MARC directory bytes 0–2 Bytes 00–02 give the field name. The field names used in MARC are numbers. So you will find three ASCII numeric characters at that place.
the MARC directory bytes 03–06 They give the field length. This is 4 (four) ASCII numeric characters. The fact that there are four of them is determined by character 20 in the MARC leader. The number is right justified and filled by 0s if required. The field length of the variable field, including the field names, the field indicators, subfield codes, data, and the field terminator character.
the MARC directory bytes 07–11 Bytes 07–11 give the starting character position. This five ASCII numeric characters that specify the starting character position of the variable field relative to the base address. The fact that there are five of them is determined by character 21 in the MARC leader. The number is right justified and filled by 0s if required.

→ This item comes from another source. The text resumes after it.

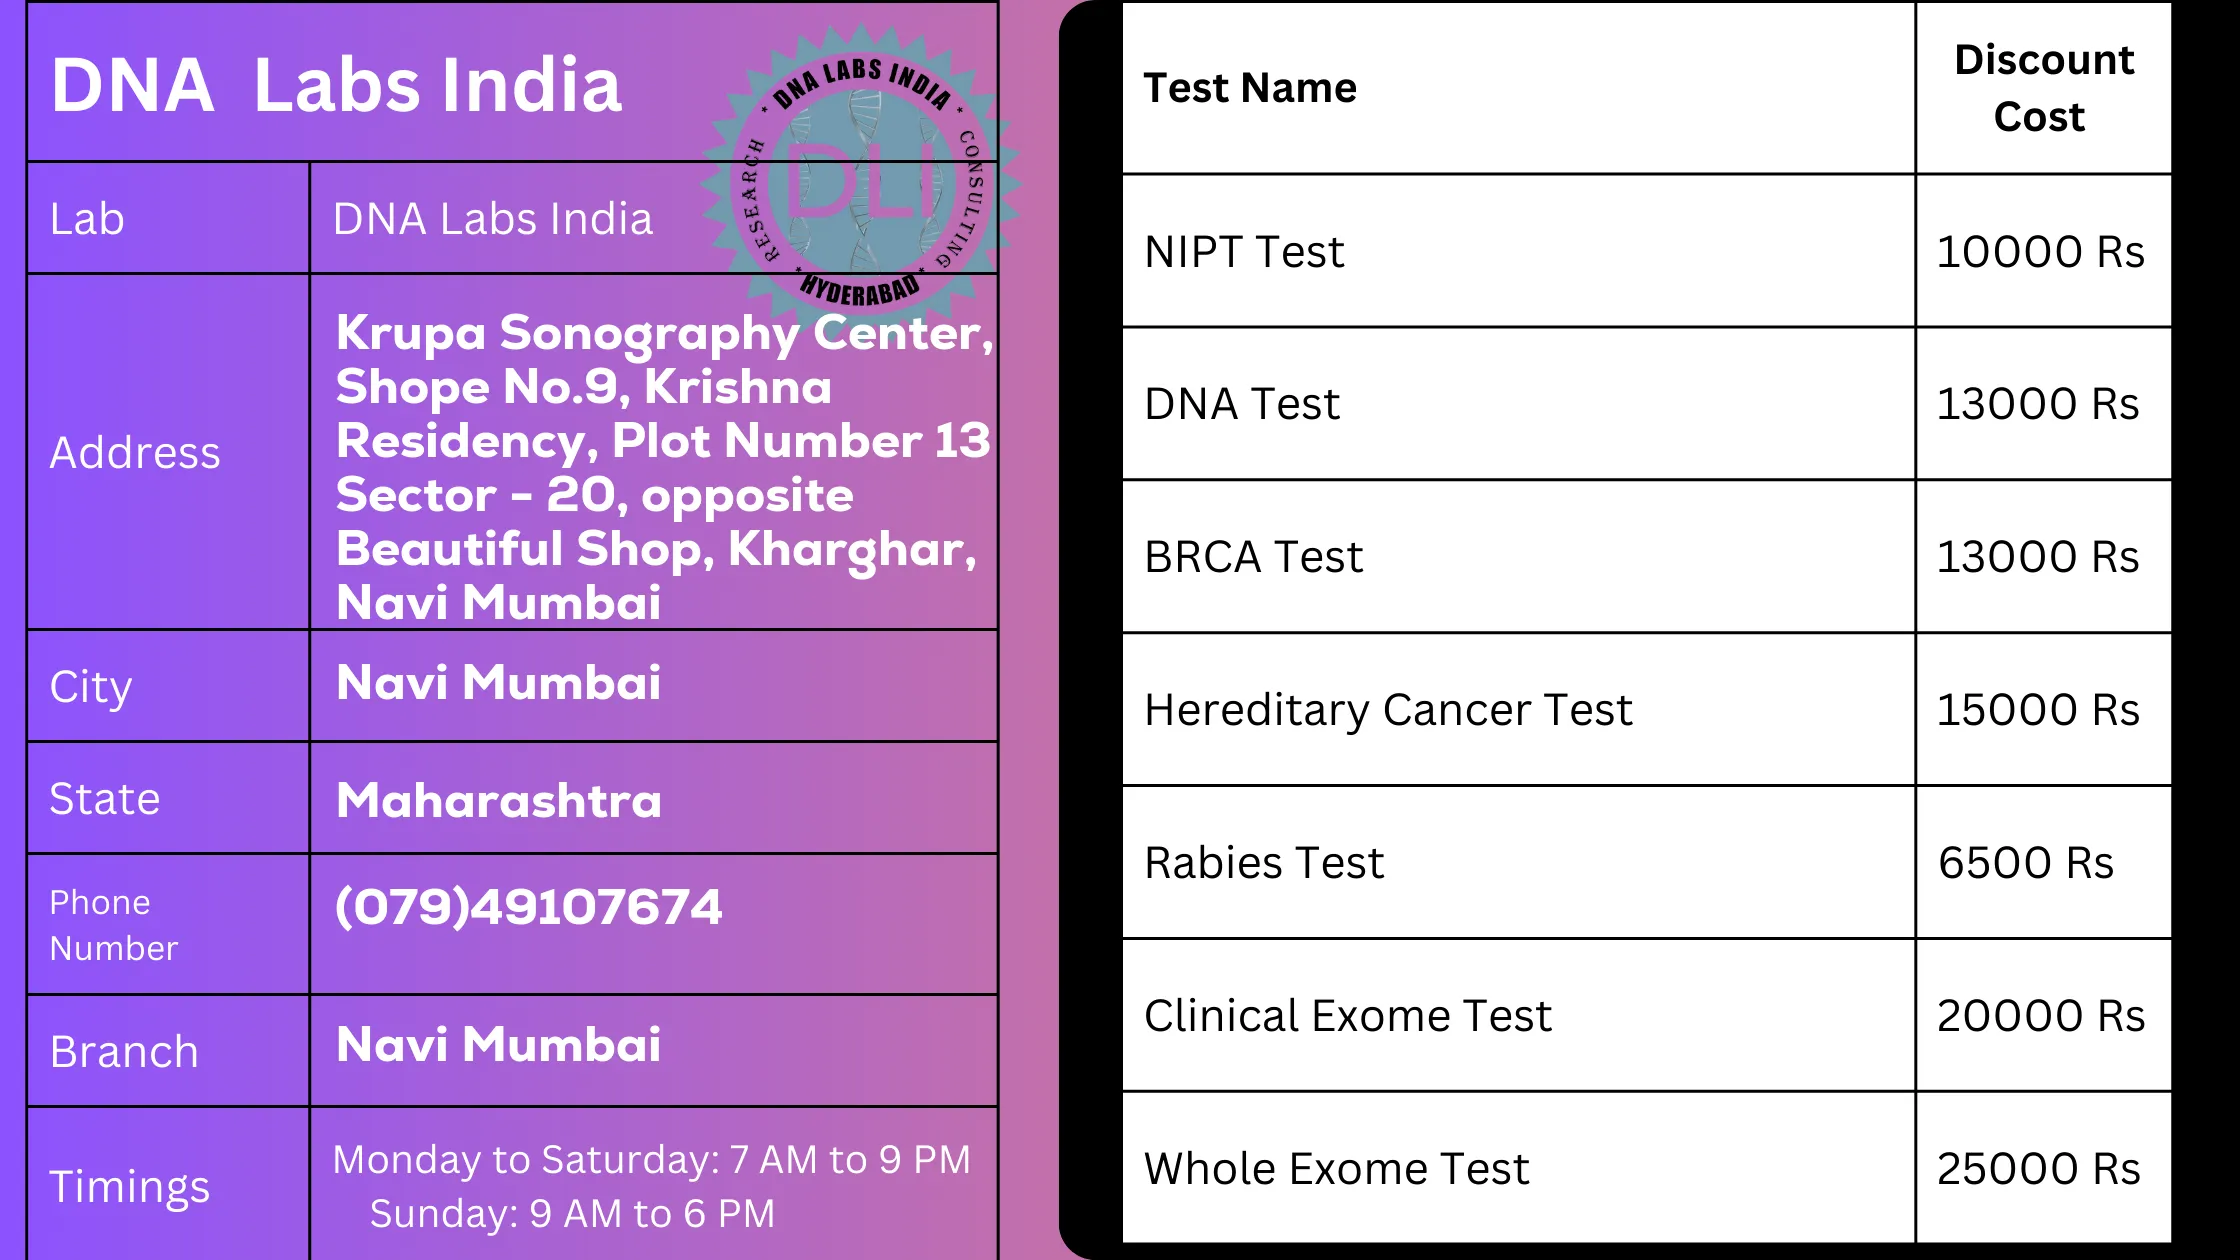 DNA Labs India - Navi Mumbai: Your Trusted Partner for Genetic Testingn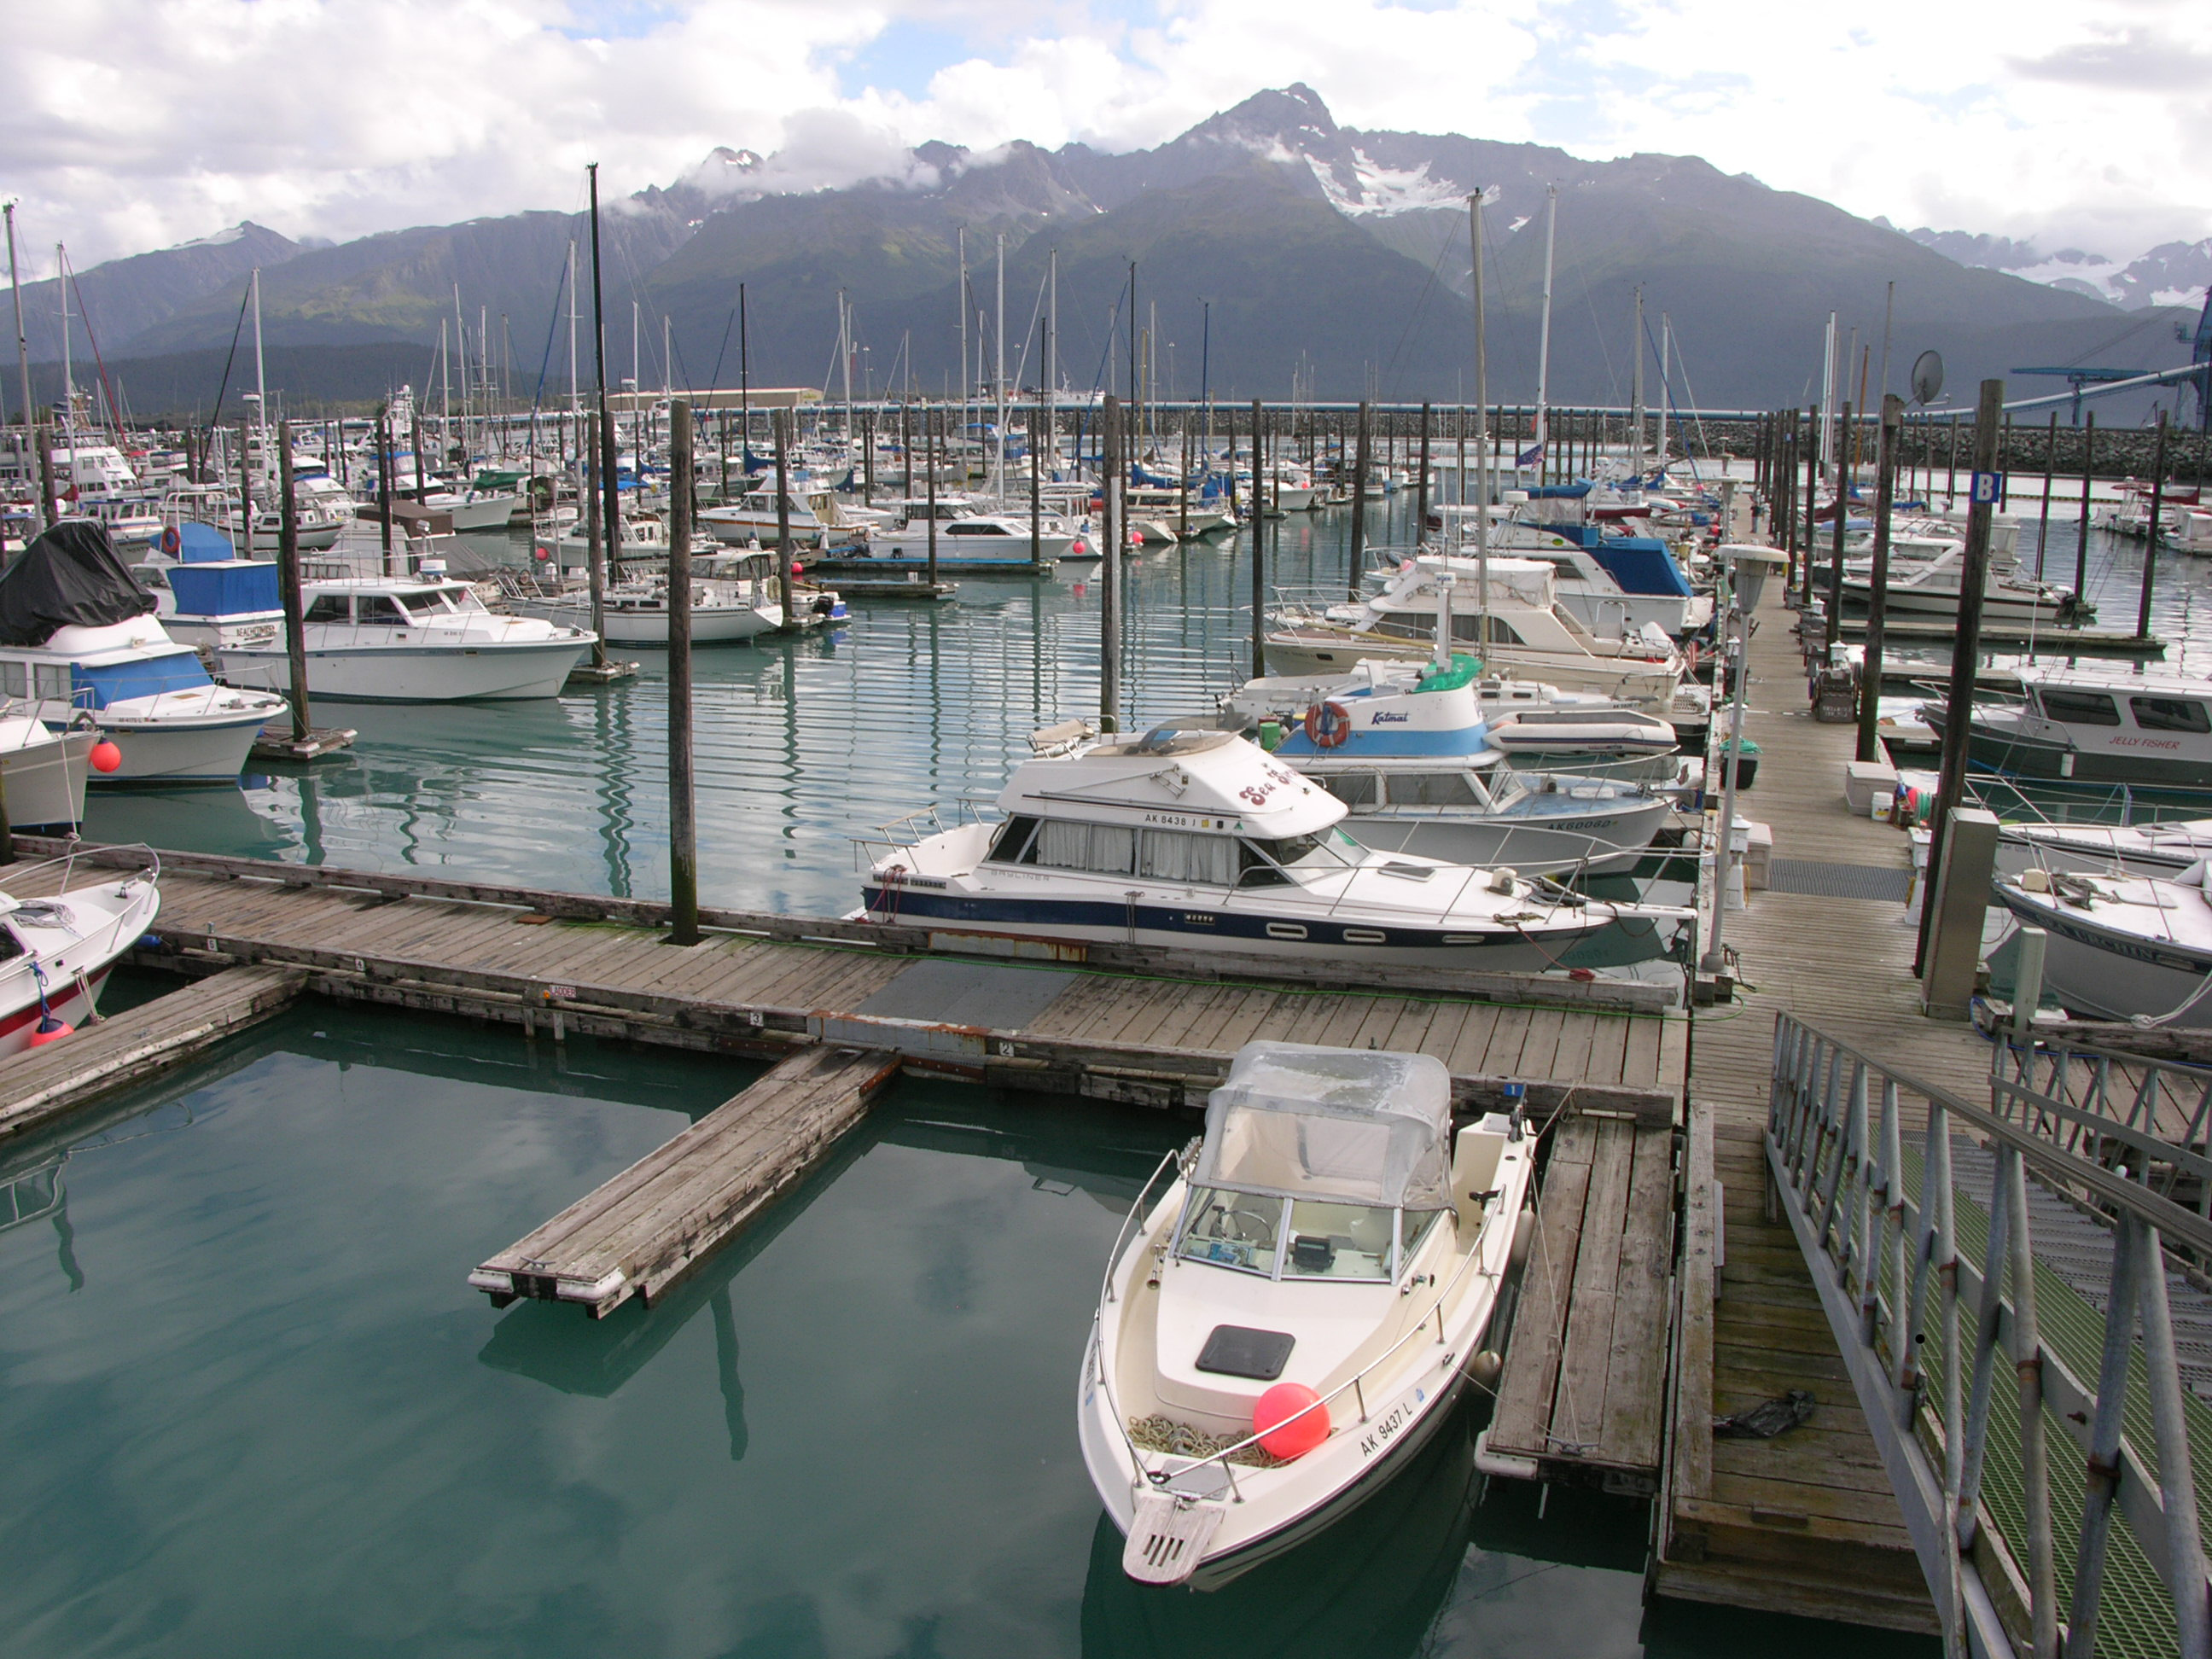 File:Seward Docks.jpg - Wikimedia Commons

leader position 10 This is the indicator count. It says how many bytes are used by indicators to a field. The indicator count is always 2.
leader position 11 This indicates the number of character positions used for each subfield code in a variable data field. This always ‘2’. There are two characters in each subfield. First there is the delimiter ‘$’ and then there is a lowercase or number code for the field.
leader position 20 This is the length of the length-of-field portion. Meaning how long is the length of a field. It is always “4”.
leader position 21 Length of the starting-character-position portion. At this position, we always find the value “5”. This says that in each entry in the MARC directory (to be covered later) the starting character position part is 5 numbers long.
leader position 22 This gives the length of the implementation dependent part of the record. This is always 0. This means that the record is done according to the specification and there is no additional part that is custom made for use on the information system you are working with. If it were there, it would have to be short!
leader position 23 This is the last position. The meaning of the data at this position is undefined. I suppose it could be defined later when we find a need for it. This position is always occupied by a 0.